*Given records*:
--- START ---

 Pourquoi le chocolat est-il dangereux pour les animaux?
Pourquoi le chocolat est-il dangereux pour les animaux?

--- END ---
--- START ---

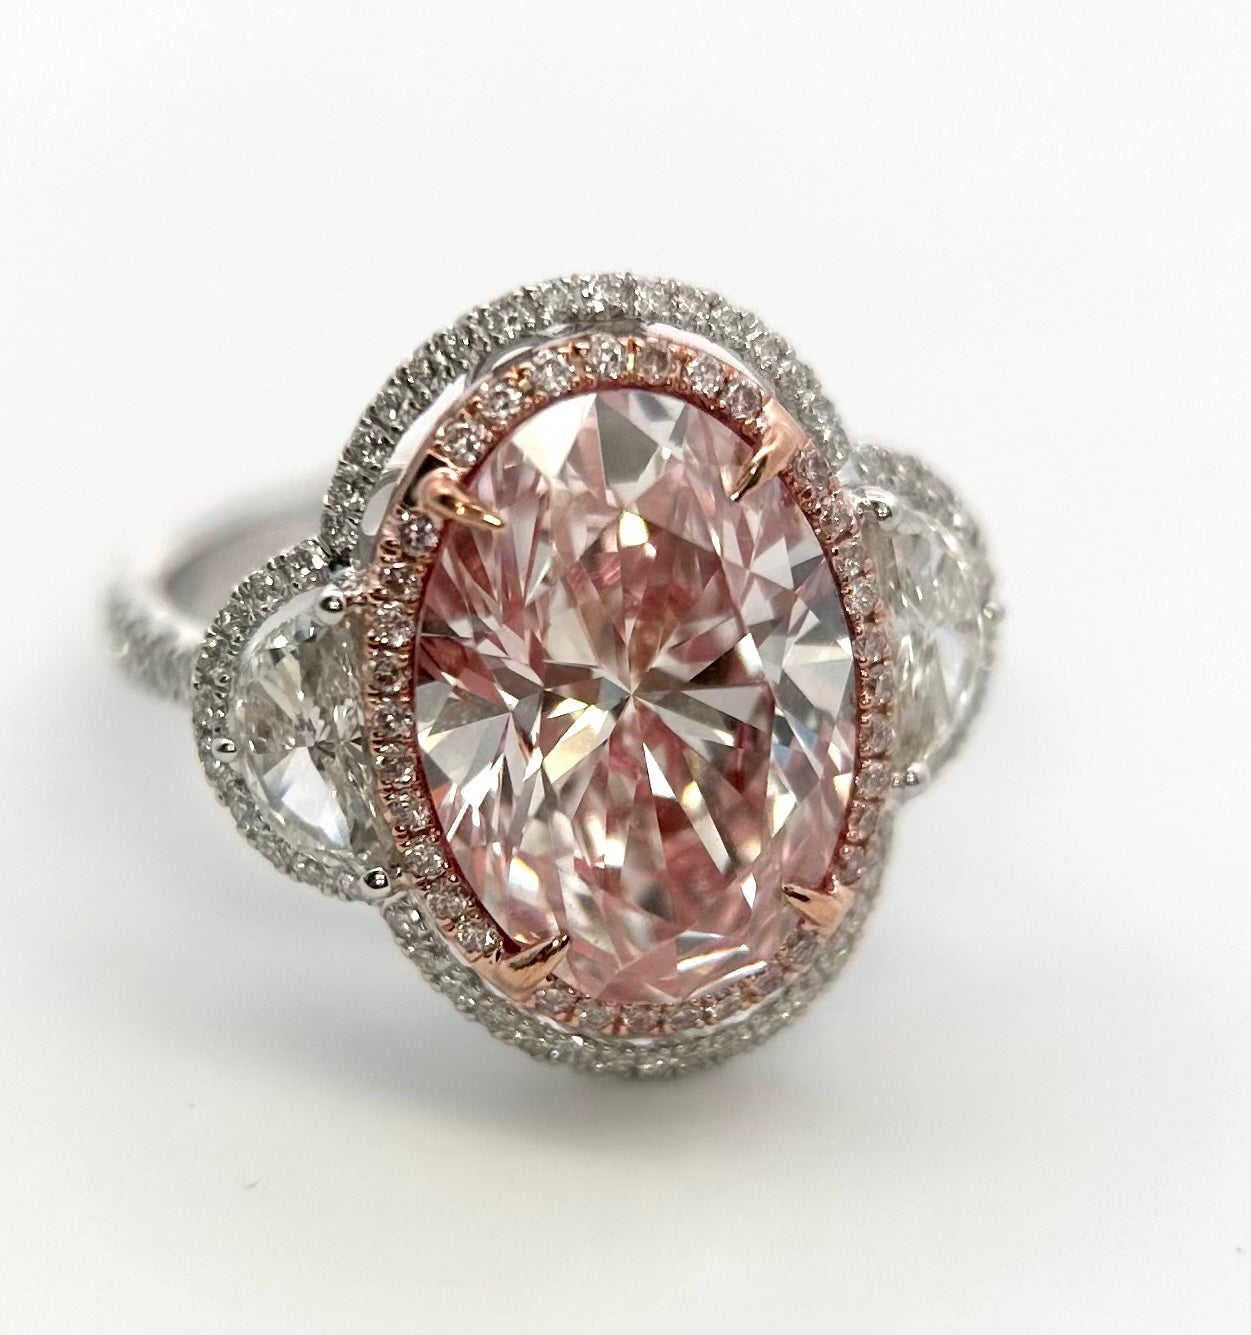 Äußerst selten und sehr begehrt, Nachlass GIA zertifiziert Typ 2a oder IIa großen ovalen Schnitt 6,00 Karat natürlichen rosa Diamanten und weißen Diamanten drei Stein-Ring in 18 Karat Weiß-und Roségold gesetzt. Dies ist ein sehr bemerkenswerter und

--- END ---

Where a line of the material above holds the string "Pourquoi", copy that line.

 Pourquoi le chocolat est-il dangereux pour les animaux?
Pourquoi le chocolat est-il dangereux pour les animaux?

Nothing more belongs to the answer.